It’s not clear yet how much Couche-Tard, which is smaller than Seven & i, may propose to pay and structure any potential deal, or whether it is seeking a partial buyout. Still, the Canadian company’s plan will benefit from a potential ally: ValueAct Capital Management.
The activist fund has been pushing Seven & i’s management to narrow its focus to 7-Eleven stores, saying last year that they would be worth more as a standalone listed company, and sought to replace CEO Ryuichi Isaka. In response, he has taken restructuring measures and initiated a buy-back. But given the reaction among investors who bid up the company’s shares by 23 per cent on Monday when the news broke, a record one-day gain for the stock, it may be hard to justify any resistance to a takeover proposal.
“The main implication is that the stock is clearly undervalued,” said Rafael Nemet-Nejat a senior portfolio manager at Jin Investment Management Pte. The proposal “may also put pressure on the company to speed up restructuring as well, as the management is likely reluctant on foreign buyouts.”
If Couche-Tard ends up making a partial bid, gains could be limited and the shares could even drop, Nemet-Nejat added.
In a sign of investor scepticism, Seven & i fell as much as 12 per cent in early trading on Tuesday, paring Monday’s record gain.
It’s not clear whether ValueAct still holds any stock in Seven & i, based on data compiled by Bloomberg, which shows that they no longer own a stake. The investor, which had previously disclosed a 4.4 per cent holding in the Japanese company, may still have significant positions in part or in full through swap arrangements with brokers, which do not require stock exchange disclosure.
If successful, a Couche-Tard takeover of Seven & i would eclipse KKR’s ¥670 billion deal in 2022 to buy Hitachi Transport System, which at the time was the biggest full takeover by a listed Japanese business by a foreign entity. In that transaction, the private equity firm benefited from parent Hitachi Ltd’s desire to divest assets to focus on its core businesses.
But the history of attempted takeovers of Japanese companies by outsiders is messier.
KKR, CVC Capital Partners and Blackstone walked away from a buyout of Toshiba after meeting stiff resistance from the board. Concerns about the valuation, complexity and political nature of the deal were behind their decision, and eventually a consortium led by a domestic fund prevailed last September.
Hon Hai Precision Industry, better known as Foxconn, pulled off a deal in 2016 to take a controlling stake in Japanese electronics maker Sharp for ¥389 billion.
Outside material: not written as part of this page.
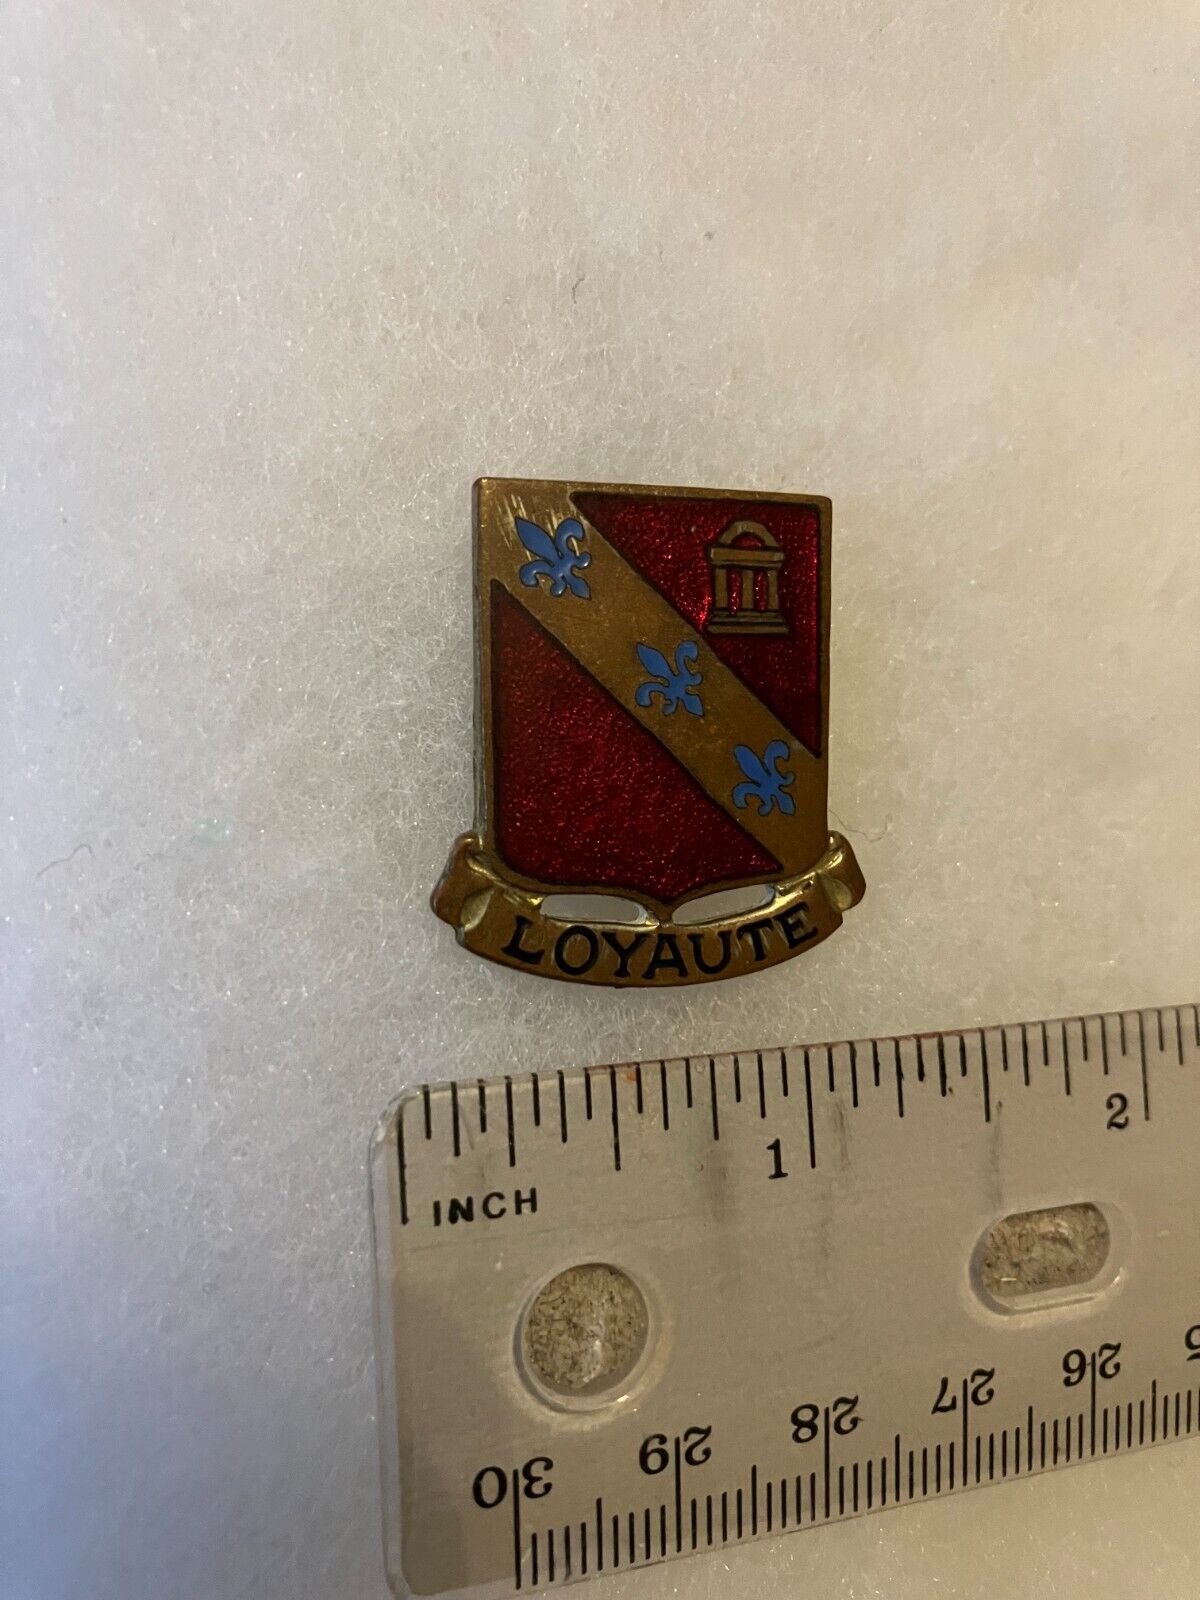 Authentic US Army 319th Artillery DUI DI Crest Insignia 6D 7G

The Taiwanese electronics contract manufacturer had pursued the Japanese company for years. Foxconn founder Terry Gou had lobbied Japanese lawmakers, co-opted banks and sweetened its offer to outmanoeuvre a Japanese government-backed bidder.
Three years ago, Chinese home appliance maker Guangdong Galanz Enterprise became the single biggest share holder in rice-cooker maker Zojirushi and sought to appoint new directors, which was rejected. The Japanese company subsequently adopted a “poison pill” defence against a potential takeover in 2022.
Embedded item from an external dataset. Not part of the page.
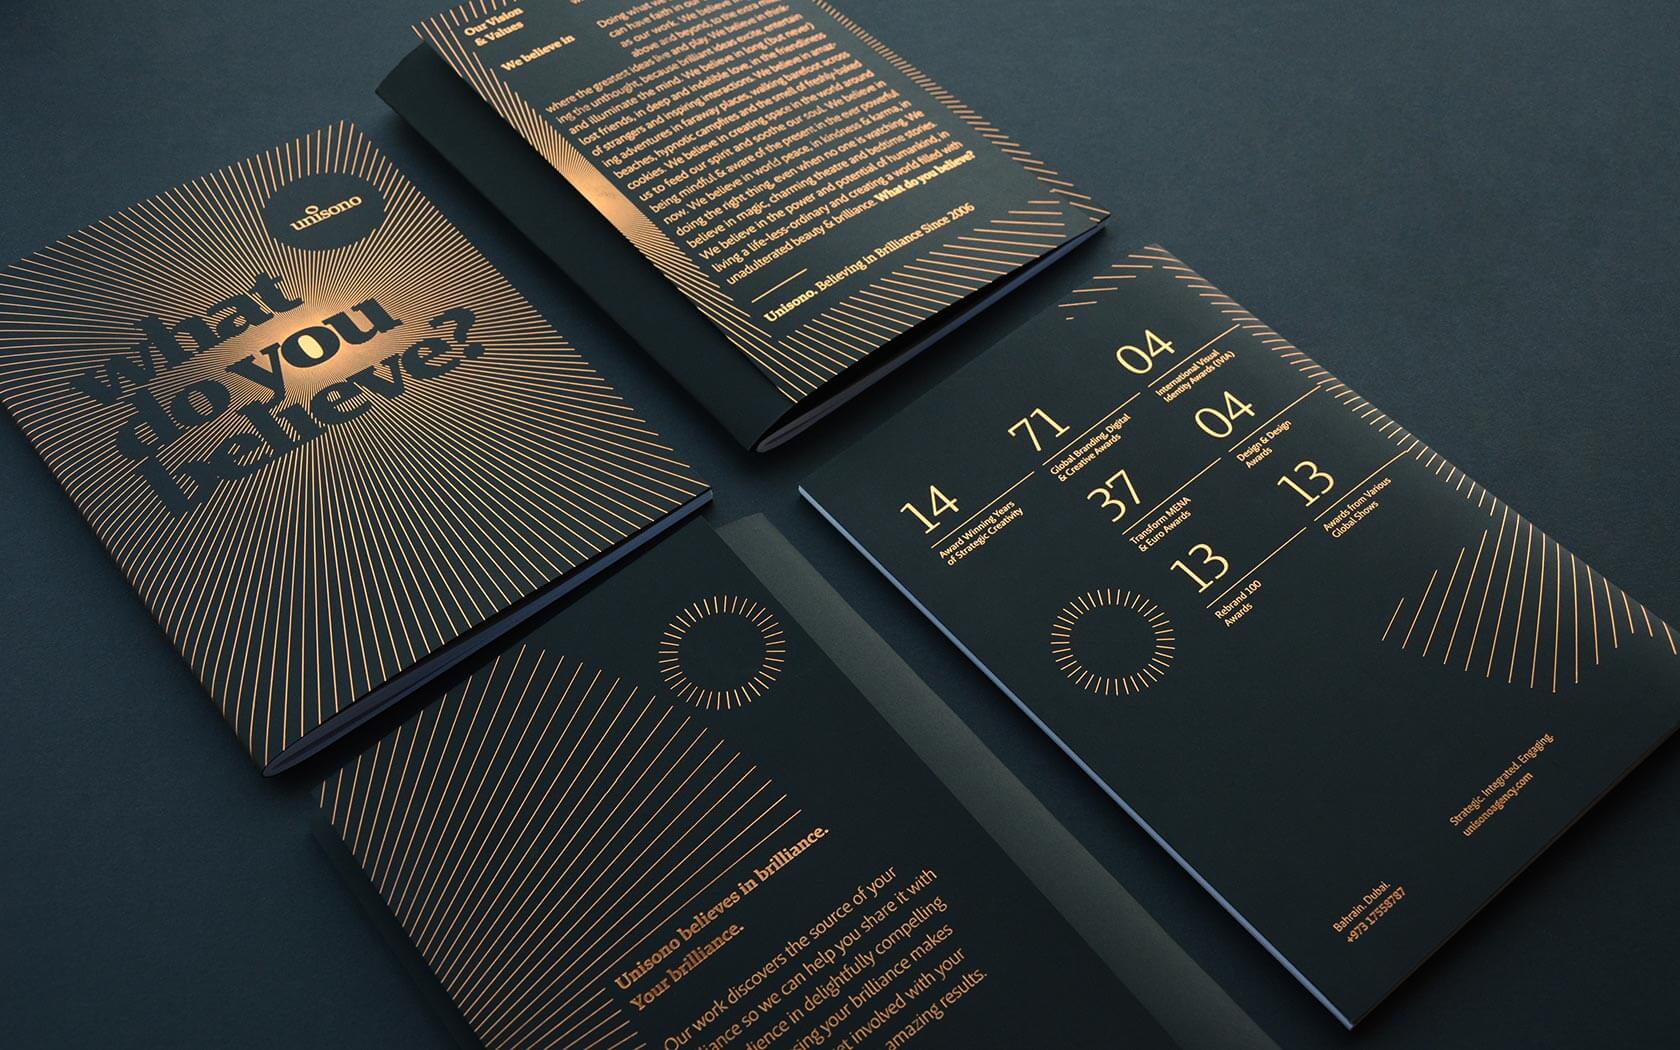 Unisono's notebook Front and back covers Foiling with inside covers.

By the numbers, Couche-Tard’s proposal to buy Seven & i provides a mixed picture. Although Couche-Tard is smaller than Seven & i, with about 16,700 stores compared with more than 85,000 for the Japanese retailer, the Canadian company enjoys a bigger valuation of about US$58.5 billion.
Couche-Tard also carries more debt, and has less cash on hand than Seven & i. The yen’s decline, coupled with a 21 per cent drop in 7-Eleven owner’s stock since the end of February, also made the company more attractive to a possible suitor.
Even so, based on a multiple of 11.5 times earnings before interest, taxes, depreciation and amortisation, the deal value could go up to as much as US$86 billion, wrote Bloomberg Intelligence analyst Diana Rosero-Pena. That might be too much for Couche-Tard to do it alone.
Any proposal or formal offer will have to be attractive enough for Isaka and the board to take it seriously, according to Amir Anvarzadeh, a strategist at Asymmetric Advisors.
“Anything above ¥7 trillion, management would be under a lot of pressure, particularly by activist investors that have invested in the company,” Anvarzadeh said.